I'm trying to understand under what circumstances I can pass a type template as an argument for a template template parameter with a different signature. E.g., I would expect that the following might compile successfully.
template <typename...>
struct foo { };
template <template <typename> typename Template>
struct bar { };
using quux = bar<foo>;
After all, bar
is asking for a template that is willing to accept exactly one type template parameter, and I'm giving it one. But with Clang 11.0.1, this doesn't compile.
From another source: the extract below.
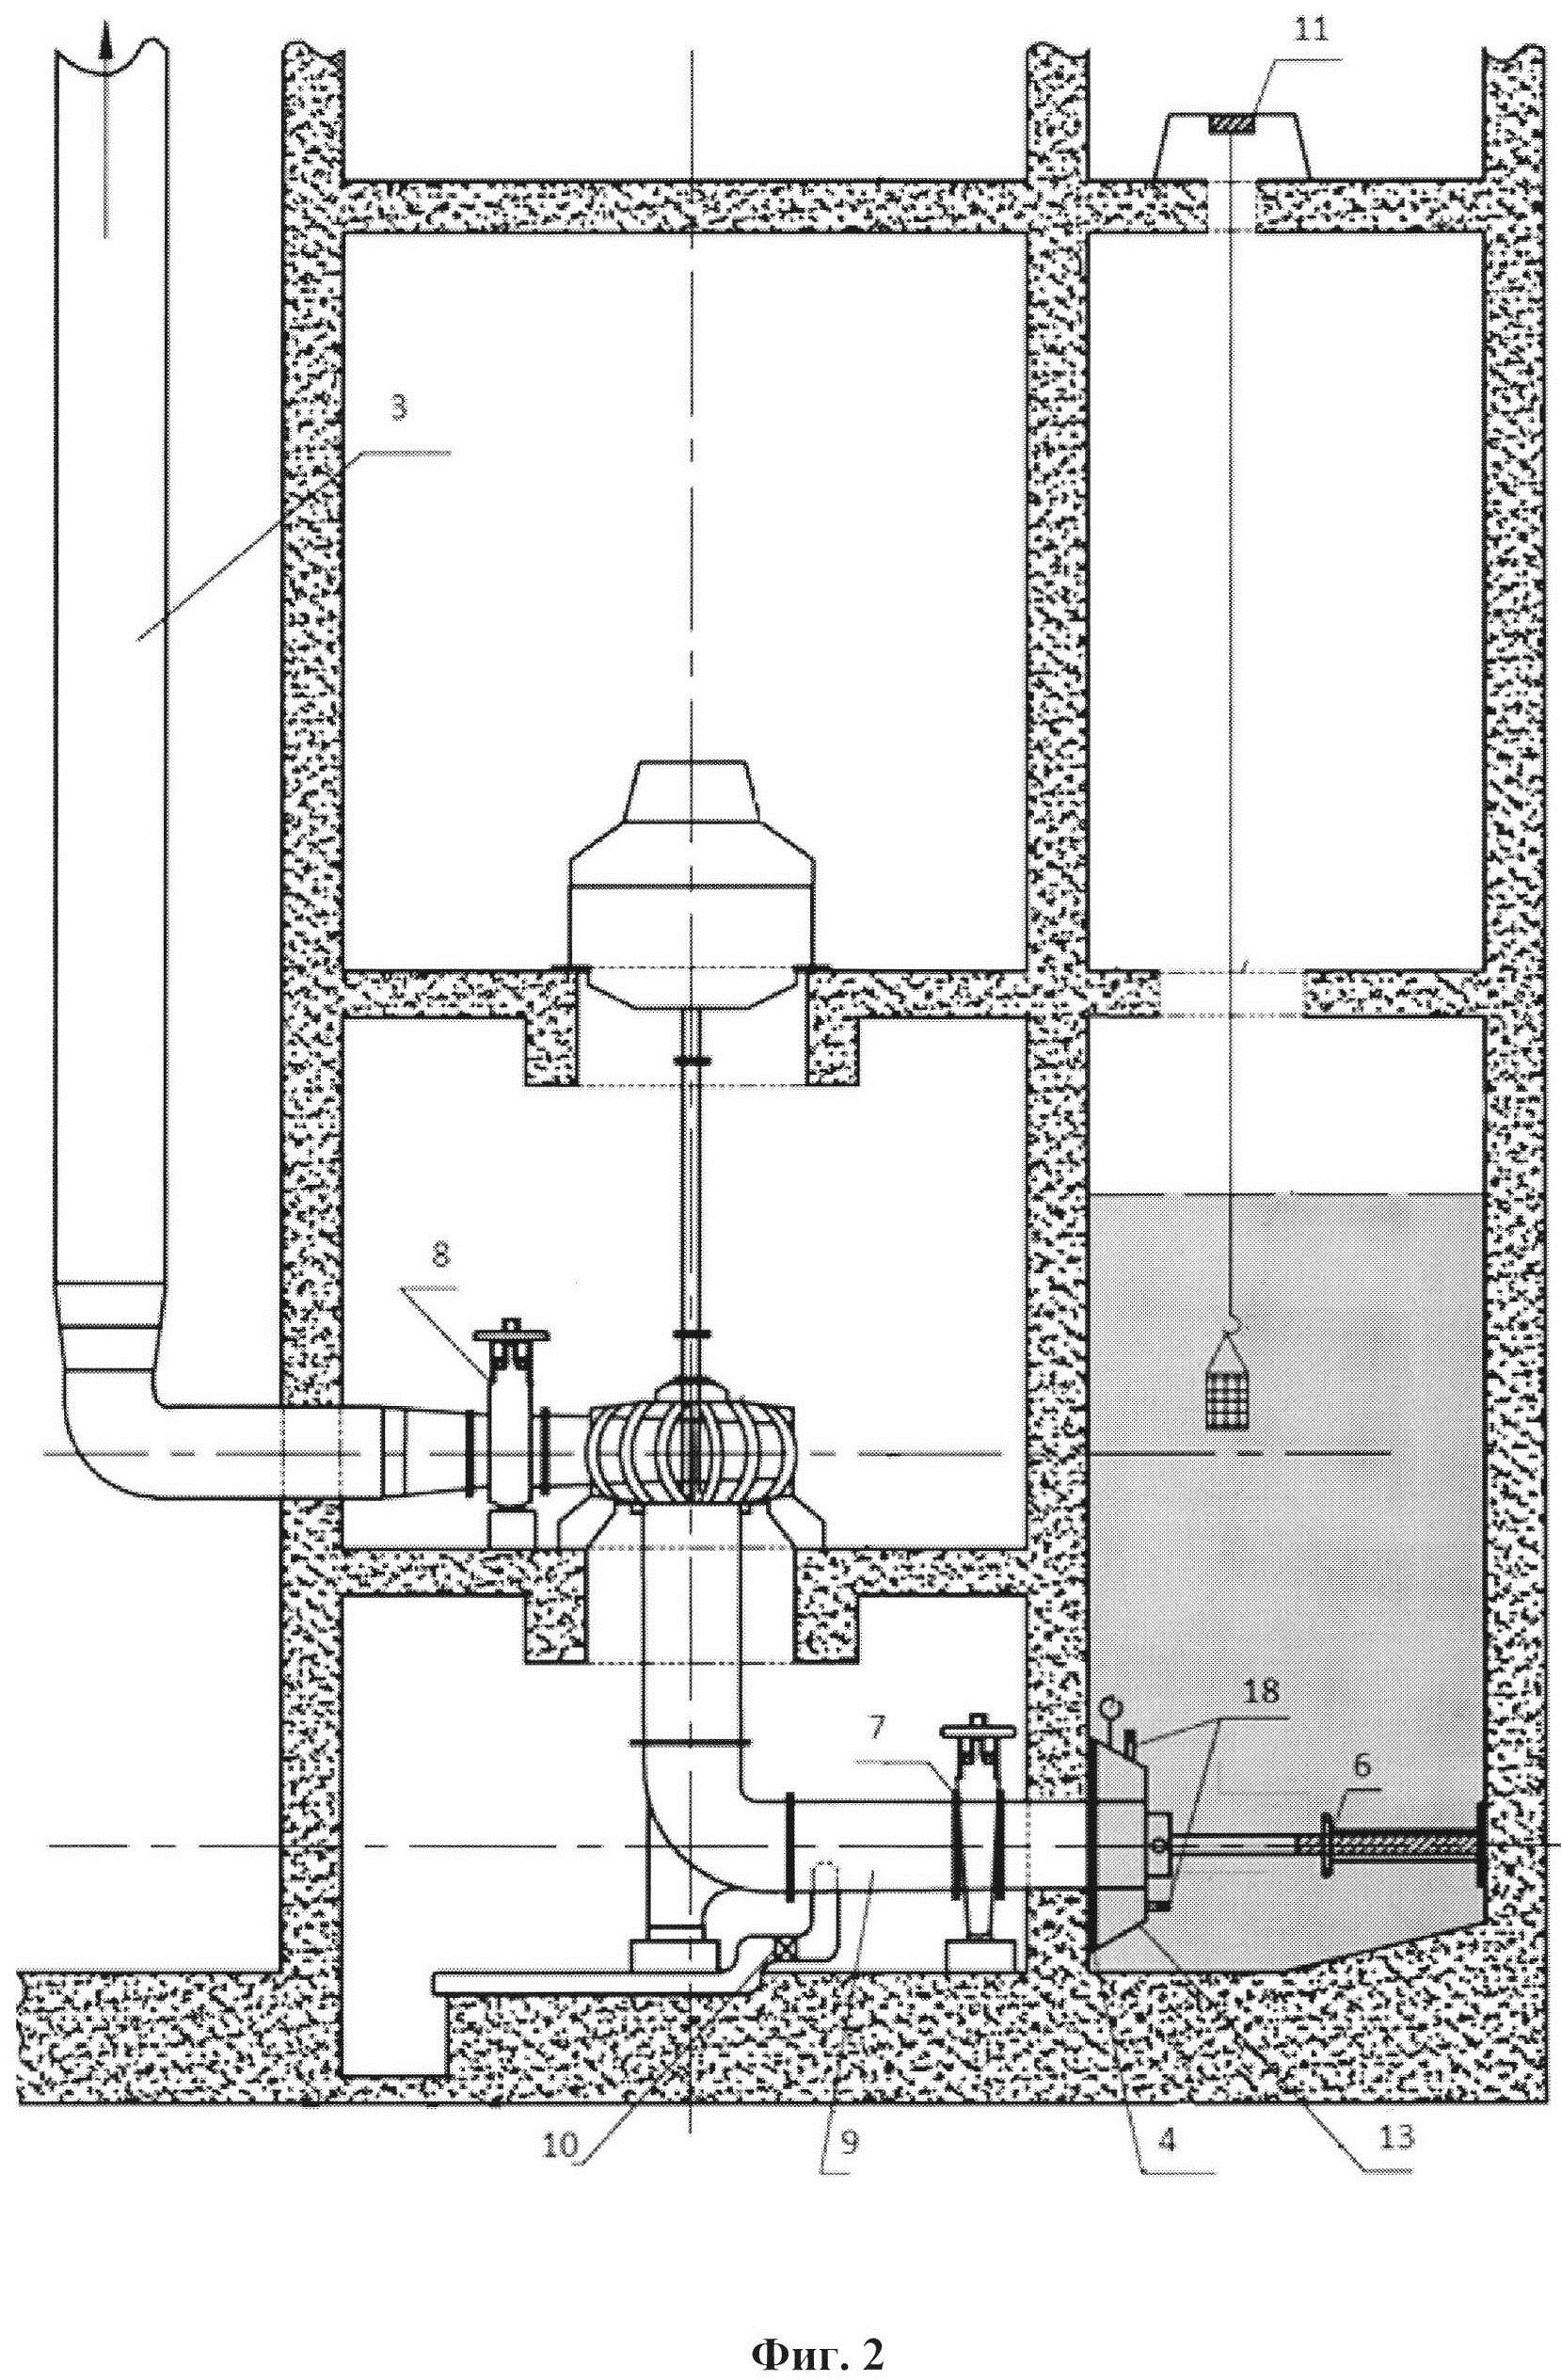 Способ замены задвижки на всасывающем трубопроводе насосного агрегата и временный участок в подводной зоне приемного отделения канализационной насосной станции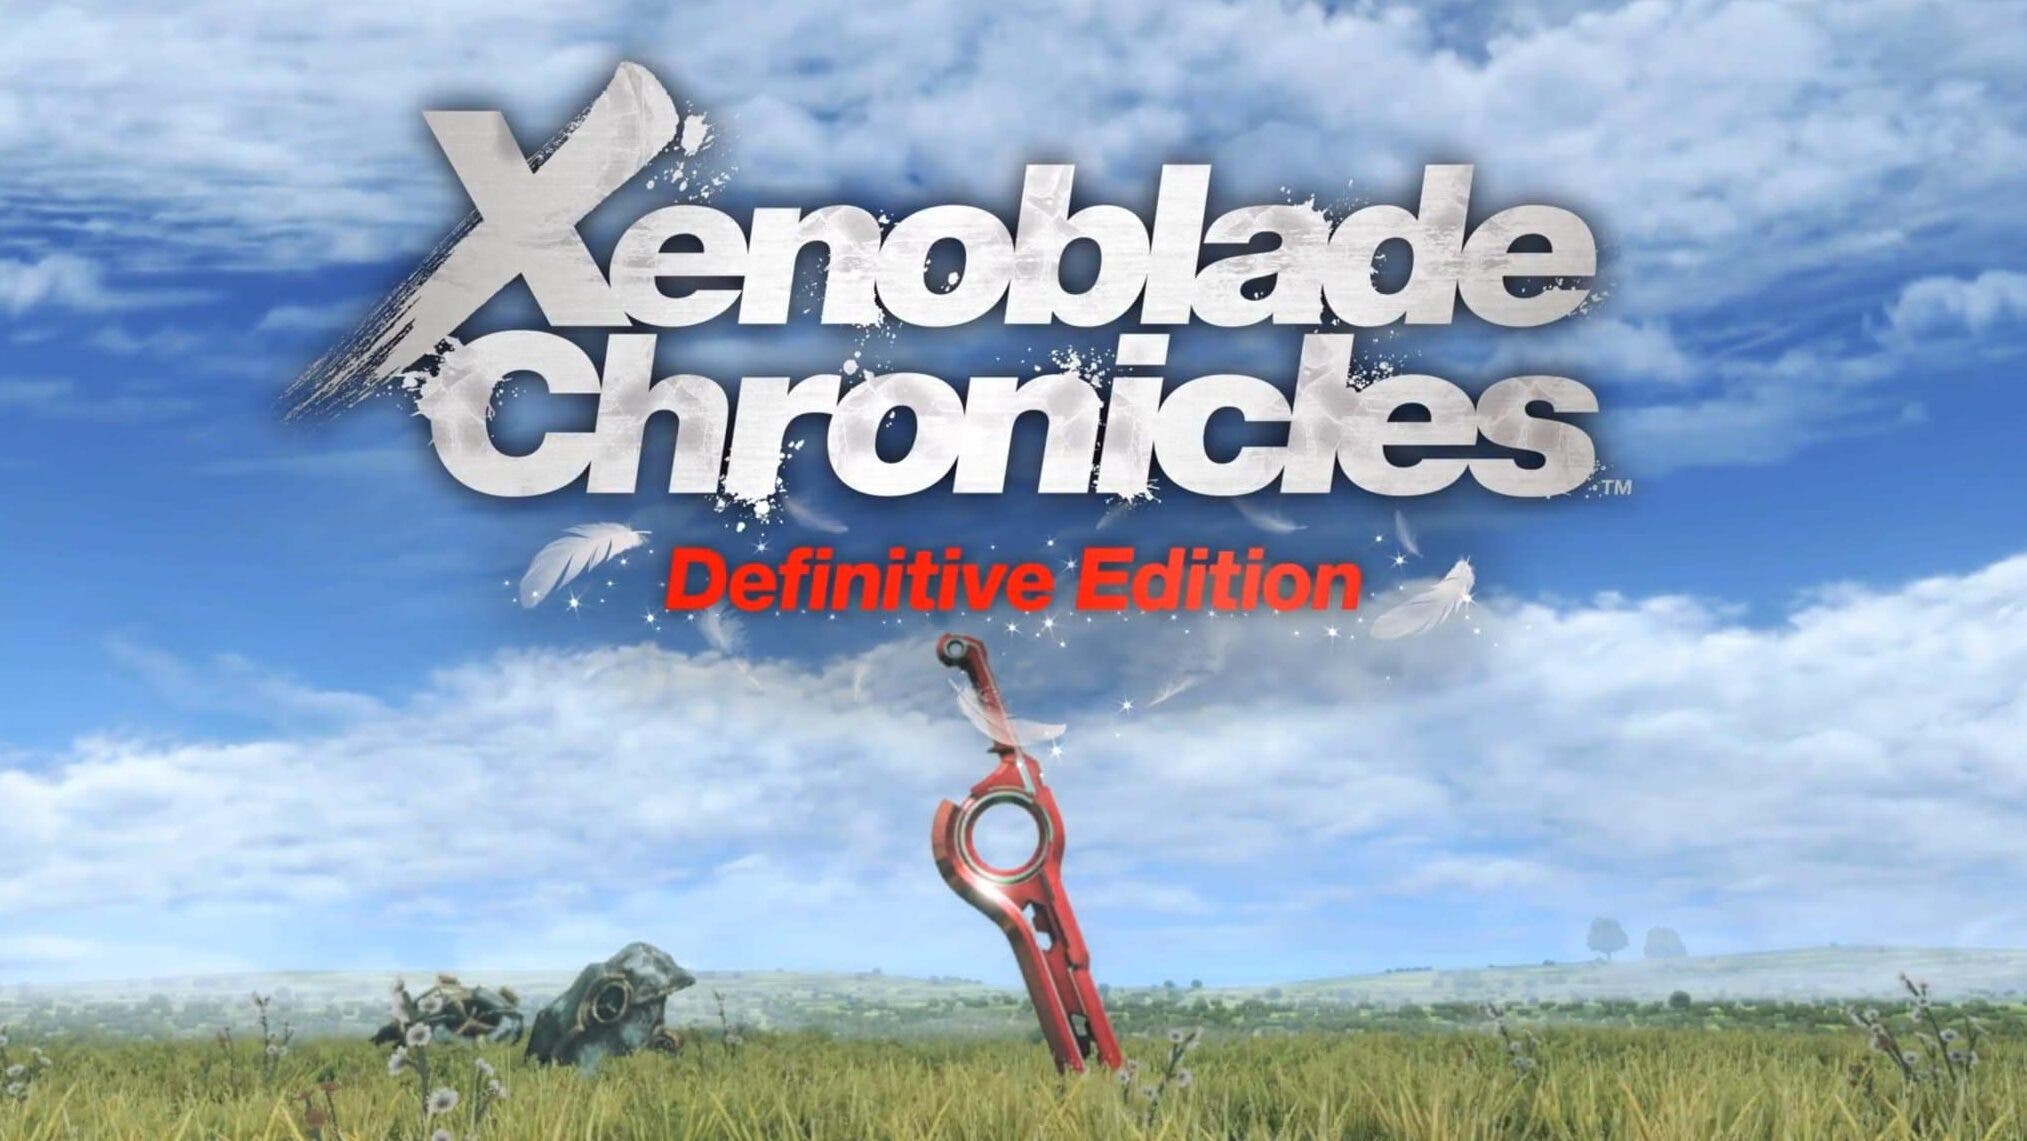 Xenoblade Chronicles: Definitive Edition parece incluir una zona desechada de la versión original

OK, fine. Surely if that's disallowed, the following should also be disallowed.
template <typename>
struct foo { };
template <template <typename...> typename Template>
struct bar { };
using quux = bar<foo>;
Here bar
asks for a template that can accept any number of type template parameters, and I'm not giving it one. And yet Clang accepts this! (Of course it still fails if I write code inside of bar
that instantiates Template
with template arguments not matching foo
's signature.)
This seems backwards to me. It's allowing conversion of more specific template signatures to more general ones instead of the other way around.
I tried with GCC 10.2.0 too. GCC accepts both. Lol.
I'm compiling with -Wall -Wextra -O0 -std=c++20 -pedantic
with both compilers.
Does the standard really not specify whether the first example above is ill-formed, or is at least one of the compilers non-conforming?
And, regardless of what the standard requires, why would Clang make the choices it makes here? It seems like a bug to me.